🧩 1. What Is Apache Hudi?

Apache Hudi (Hadoop Upserts Deletes and Incrementals) is an open-source framework that brings database-like capabilities to data lakes.

It allows you to:

Perform upserts (insert + update) and deletes in data lakes.

Do incremental pulls (query only new/changed data).

Maintain ACID transactions on top of files (like Parquet).

Integrate with Spark, Flink, Presto, Hive, and BigQuery.

☁️ 2. Why Combine Hudi with Dataproc?

Benefit Description

Managed Spark Runtime Dataproc handles cluster provisioning, scaling, and monitoring.

Native GCS Support Hudi tables can be stored in Cloud Storage.

Incremental ETL Process only new or updated data efficiently.

Integration Works seamlessly with BigQuery, Dataplex, and Vertex AI.
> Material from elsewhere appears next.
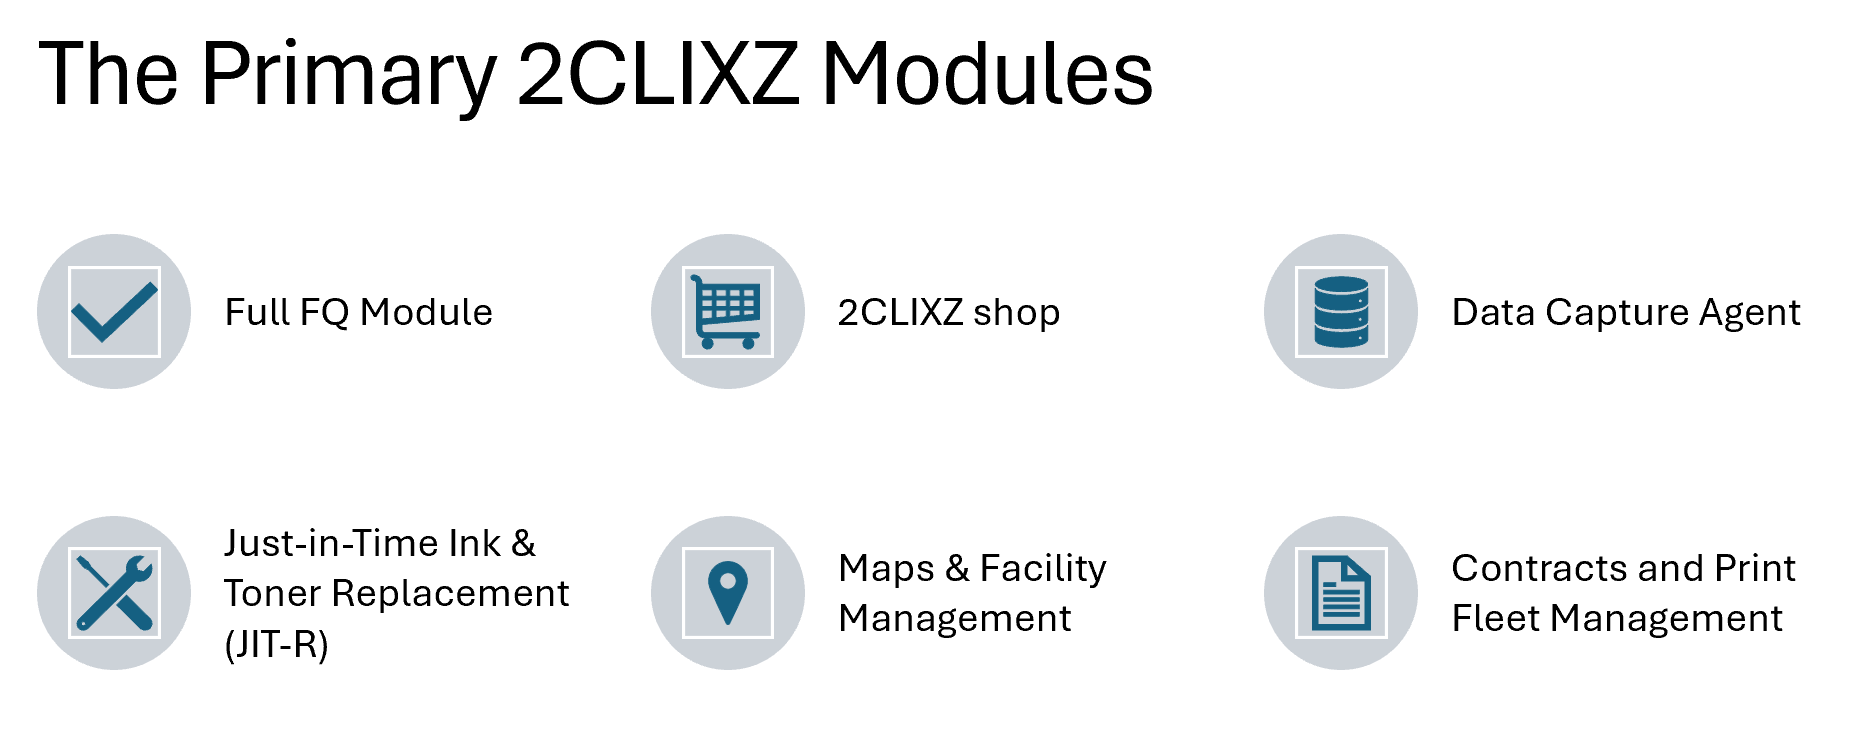 The Primary 2CLIXZ Modules

Cost Optimization Run ephemeral clusters or serverless jobs to minimize cost.

So instead of rewriting full tables daily, Hudi enables change capture-style updates and efficient incremental loads.

⚙️ 3. Architecture Overview

Incremental ETL Pattern

┌────────────────────┐

Source Data →│ Ingest (Pub/Sub, │

│ Kafka, Files) │

└────────┬───────────┘

│

▼

┌────────────────────────┐

│ Dataproc (Spark + Hudi)│

│ Upsert → GCS Table │

└────────┬───────────────┘

│

▼

┌────────────────────────┐

│ BigQuery (via External │

│ Table or Dataplex) │

└────────────────────────┘

🧱 4. Setting Up Hudi on Dataproc

Option 1: Use a Hudi-enabled Dataproc image

Dataproc images ≥ 2.0 include optional support for Hudi.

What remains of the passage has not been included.